[Bug] lmdeploy pytorch backend slora cannot use TP=2

InternLM / lmdeploy

LMDeploy is a toolkit for compressing, deploying, and serving LLMs.

https://lmdeploy.readthedocs.io/en/latest/

Apache License 2.0

4.23k stars 381 forks source link

[Bug] lmdeploy pytorch backend slora cannot use TP=2 #1512

Closed jjjjohnson closed 4 months ago

jjjjohnson commented 4 months ago

Checklist

[ ] 1. I have searched related issues but cannot get the expected help.
[ ] 2. The bug has not been fixed in the latest version.

Describe the bug

Looks like in Pytorch backend Slora and TP cannot be turned on at the same time...

Reproduction

lmdeploy serve api_server \
    /path/to/qwen14bchat \
    --model-name qwen-14b \
    --server-port 23333 \
    --backend pytorch \
    --cache-max-entry-count 0.95 \
    --max-batch-size 256 --tp 2 \
    --adapters adap1=path2adap1

Environment

lmdeploy 0.3.0

Error traceback

No response

grimoire commented 4 months ago

We have not support s-lora TP on ALL model since that different model have different qkv linear projection. If you can provide the adapter, we might be able to add the support you need.

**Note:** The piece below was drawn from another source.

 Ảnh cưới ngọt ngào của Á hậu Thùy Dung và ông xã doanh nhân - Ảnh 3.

jjjjohnson commented 4 months ago

Hi @grimoire Can you show which model type currently support s-lora TP? I will try to solve the issue and PR.

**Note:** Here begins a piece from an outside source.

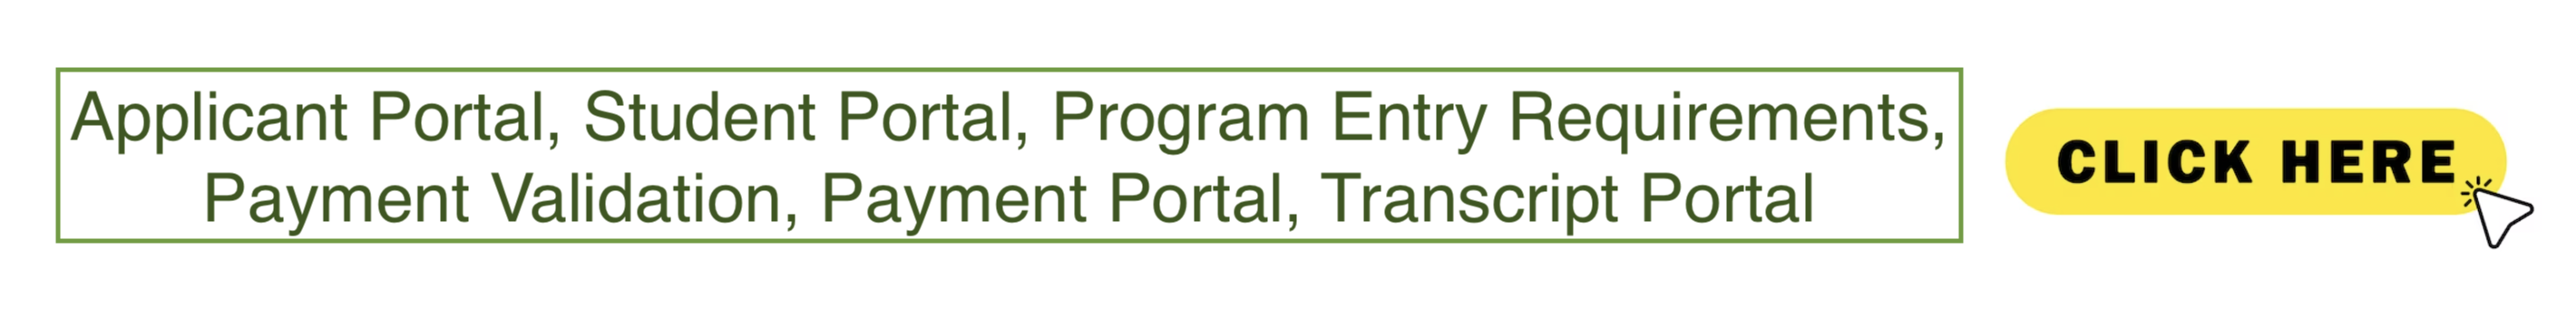 Applicants Students Alumni portals

jjjjohnson commented 4 months ago

Qwen14b chat:

Qwen14b chat with lora:

And qwen.py mod.register_parameter(name, dist_param) is not able to deal with nested c_attn

grimoire commented 4 months ago

All models with seprated q,k,v proj support tp. chatglm2 has similar pattern like qwen

https://github.com/InternLM/lmdeploy/blob/89fc8504d537f8b02cb368dcd808438f55f13b55/lmdeploy/pytorch/models/chatglm2.py#L124-L137

jjjjohnson commented 4 months ago

Thanks @grimoire Qwen has a combined q,k,v proj called c_attn, Looks like Baichuan is also very similar to Qwen.